▶ **Try it**: Read through the data, and wherever a line holds the word "Sleeve", write that line out.

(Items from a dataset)
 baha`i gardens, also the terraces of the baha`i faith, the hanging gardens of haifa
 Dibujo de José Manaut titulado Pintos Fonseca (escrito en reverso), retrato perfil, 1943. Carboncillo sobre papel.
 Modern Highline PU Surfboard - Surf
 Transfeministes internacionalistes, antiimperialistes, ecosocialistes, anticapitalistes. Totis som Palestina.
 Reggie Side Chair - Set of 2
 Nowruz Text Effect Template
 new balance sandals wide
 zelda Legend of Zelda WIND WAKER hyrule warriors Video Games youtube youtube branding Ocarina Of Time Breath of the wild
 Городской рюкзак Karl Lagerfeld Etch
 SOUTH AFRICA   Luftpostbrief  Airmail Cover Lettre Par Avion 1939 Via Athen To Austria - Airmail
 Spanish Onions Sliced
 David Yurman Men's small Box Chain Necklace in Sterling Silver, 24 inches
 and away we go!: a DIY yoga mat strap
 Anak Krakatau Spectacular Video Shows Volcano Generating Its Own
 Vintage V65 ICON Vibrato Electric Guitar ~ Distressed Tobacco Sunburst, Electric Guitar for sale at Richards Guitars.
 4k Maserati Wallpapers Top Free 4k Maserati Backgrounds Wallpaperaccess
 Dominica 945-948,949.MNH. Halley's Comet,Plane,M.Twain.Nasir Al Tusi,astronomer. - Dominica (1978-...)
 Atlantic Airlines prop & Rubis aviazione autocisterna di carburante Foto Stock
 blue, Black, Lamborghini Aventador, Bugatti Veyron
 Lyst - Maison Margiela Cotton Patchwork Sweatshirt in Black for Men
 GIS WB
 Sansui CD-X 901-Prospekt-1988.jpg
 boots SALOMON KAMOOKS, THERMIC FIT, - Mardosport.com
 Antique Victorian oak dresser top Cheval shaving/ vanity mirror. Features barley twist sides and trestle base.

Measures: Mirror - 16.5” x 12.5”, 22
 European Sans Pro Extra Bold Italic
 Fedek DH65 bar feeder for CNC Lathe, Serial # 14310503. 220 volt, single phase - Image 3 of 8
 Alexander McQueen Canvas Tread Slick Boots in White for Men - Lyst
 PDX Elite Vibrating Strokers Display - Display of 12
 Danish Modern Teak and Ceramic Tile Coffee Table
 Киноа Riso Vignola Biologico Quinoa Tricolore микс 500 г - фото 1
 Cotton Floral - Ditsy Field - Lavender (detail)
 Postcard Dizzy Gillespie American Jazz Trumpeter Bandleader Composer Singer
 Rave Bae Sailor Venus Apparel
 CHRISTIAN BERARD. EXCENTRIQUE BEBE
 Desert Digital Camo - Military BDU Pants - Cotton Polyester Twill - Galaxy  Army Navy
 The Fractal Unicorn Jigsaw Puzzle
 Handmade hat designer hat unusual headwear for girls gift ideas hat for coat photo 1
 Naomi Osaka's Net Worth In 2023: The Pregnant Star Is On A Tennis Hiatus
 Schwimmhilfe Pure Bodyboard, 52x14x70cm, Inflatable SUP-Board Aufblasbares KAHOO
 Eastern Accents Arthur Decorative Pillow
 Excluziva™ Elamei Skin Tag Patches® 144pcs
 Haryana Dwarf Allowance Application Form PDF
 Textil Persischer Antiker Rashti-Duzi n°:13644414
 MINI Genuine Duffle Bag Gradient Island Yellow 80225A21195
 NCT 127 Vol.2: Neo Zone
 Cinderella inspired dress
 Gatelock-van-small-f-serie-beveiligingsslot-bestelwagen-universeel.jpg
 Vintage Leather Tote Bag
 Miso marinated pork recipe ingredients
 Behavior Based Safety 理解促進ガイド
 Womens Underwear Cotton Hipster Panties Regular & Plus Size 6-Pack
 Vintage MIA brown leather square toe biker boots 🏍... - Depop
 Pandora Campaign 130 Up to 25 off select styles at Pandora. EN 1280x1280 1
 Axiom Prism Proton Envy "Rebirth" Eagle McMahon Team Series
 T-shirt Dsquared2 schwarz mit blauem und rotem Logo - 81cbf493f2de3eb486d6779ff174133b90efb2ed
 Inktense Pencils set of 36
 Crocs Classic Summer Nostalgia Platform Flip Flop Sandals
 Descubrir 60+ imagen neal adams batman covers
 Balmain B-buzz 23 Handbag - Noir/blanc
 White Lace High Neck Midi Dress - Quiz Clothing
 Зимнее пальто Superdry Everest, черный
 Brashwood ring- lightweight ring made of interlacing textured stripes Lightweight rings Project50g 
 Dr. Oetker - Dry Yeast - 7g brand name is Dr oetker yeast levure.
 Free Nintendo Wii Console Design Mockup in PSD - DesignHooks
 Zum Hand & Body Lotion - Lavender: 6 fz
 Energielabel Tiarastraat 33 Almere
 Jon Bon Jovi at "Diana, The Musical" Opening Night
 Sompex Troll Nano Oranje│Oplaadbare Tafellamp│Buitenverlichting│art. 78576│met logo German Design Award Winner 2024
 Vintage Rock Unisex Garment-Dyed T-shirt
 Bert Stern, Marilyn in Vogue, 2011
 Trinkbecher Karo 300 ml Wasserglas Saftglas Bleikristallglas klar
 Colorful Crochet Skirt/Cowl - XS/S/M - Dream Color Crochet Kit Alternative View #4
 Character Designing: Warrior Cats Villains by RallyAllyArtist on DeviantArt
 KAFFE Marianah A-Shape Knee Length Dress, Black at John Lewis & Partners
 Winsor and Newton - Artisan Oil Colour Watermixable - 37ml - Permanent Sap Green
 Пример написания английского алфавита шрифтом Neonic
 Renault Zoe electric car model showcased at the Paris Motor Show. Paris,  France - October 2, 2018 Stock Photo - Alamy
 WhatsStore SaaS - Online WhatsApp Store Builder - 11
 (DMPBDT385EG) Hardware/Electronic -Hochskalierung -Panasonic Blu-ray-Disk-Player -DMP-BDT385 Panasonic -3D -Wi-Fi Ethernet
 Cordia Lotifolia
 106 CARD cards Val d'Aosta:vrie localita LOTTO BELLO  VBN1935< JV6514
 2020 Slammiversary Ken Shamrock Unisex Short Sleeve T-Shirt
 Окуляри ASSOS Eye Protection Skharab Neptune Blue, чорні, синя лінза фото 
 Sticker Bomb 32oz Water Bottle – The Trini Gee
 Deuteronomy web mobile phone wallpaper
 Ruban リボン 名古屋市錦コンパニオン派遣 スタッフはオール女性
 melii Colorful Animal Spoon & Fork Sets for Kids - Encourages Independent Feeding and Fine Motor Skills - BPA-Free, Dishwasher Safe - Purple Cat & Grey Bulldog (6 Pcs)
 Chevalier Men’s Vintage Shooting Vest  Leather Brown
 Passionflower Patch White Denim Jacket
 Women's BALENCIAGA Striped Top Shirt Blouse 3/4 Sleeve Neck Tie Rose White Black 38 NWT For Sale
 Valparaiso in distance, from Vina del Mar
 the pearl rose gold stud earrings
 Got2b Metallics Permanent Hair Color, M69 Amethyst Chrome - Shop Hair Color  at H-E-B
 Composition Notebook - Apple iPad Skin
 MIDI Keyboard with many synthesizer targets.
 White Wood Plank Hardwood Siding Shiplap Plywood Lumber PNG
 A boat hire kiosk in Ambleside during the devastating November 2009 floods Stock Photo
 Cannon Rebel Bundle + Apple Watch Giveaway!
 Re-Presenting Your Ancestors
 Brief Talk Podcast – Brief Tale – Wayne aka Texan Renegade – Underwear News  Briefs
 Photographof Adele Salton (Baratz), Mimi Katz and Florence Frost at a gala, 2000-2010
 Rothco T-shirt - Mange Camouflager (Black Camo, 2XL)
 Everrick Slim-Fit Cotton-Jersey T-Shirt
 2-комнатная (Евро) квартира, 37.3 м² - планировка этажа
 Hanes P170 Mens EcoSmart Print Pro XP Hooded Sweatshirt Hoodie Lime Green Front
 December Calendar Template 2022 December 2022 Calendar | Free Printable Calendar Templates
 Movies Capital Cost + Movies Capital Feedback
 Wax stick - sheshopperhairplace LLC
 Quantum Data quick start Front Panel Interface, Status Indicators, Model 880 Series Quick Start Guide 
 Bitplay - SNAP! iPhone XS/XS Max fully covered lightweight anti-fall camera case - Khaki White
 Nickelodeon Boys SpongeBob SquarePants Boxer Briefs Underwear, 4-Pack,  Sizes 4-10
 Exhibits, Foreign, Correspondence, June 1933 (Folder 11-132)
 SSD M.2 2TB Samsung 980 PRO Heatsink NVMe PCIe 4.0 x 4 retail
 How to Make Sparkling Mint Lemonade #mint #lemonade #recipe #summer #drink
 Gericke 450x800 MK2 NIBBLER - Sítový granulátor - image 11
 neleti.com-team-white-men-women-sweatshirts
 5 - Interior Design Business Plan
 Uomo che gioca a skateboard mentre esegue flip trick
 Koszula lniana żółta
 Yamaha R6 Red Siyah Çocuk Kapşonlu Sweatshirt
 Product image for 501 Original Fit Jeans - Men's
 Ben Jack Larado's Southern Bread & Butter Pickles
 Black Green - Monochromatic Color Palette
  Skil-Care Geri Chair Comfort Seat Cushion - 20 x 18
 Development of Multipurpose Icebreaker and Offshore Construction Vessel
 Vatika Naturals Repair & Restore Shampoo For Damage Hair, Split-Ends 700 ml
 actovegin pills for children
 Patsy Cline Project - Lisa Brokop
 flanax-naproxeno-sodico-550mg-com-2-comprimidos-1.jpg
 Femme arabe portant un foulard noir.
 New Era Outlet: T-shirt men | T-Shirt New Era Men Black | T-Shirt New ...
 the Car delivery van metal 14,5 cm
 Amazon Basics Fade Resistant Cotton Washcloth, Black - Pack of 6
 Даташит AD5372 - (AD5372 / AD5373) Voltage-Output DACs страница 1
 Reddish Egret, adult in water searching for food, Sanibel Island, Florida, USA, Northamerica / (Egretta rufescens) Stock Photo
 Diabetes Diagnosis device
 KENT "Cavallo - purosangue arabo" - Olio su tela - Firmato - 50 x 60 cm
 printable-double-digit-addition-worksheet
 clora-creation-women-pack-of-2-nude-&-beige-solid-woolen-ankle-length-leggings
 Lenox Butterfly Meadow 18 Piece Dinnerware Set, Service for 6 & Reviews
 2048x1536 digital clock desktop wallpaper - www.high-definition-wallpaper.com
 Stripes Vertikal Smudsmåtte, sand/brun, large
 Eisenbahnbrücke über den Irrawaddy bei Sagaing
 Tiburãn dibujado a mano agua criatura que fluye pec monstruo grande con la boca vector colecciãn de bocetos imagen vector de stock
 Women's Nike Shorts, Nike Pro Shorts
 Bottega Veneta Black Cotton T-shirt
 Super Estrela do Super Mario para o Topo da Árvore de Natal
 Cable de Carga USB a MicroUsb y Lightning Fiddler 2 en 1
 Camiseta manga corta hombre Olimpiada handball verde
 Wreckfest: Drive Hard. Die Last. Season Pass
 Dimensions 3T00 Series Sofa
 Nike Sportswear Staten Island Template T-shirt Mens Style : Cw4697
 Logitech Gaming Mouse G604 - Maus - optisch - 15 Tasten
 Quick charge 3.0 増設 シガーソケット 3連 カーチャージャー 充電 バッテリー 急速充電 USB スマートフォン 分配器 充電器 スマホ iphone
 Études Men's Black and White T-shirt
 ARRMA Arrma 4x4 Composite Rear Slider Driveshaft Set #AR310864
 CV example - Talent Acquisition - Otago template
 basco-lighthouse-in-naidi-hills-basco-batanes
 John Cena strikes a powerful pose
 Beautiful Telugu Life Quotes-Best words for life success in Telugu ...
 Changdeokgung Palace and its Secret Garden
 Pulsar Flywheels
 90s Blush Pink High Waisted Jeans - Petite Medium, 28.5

▶ **Completed task**:
 2020 Slammiversary Ken Shamrock Unisex Short Sleeve T-Shirt
 Women's BALENCIAGA Striped Top Shirt Blouse 3/4 Sleeve Neck Tie Rose White Black 38 NWT For Sale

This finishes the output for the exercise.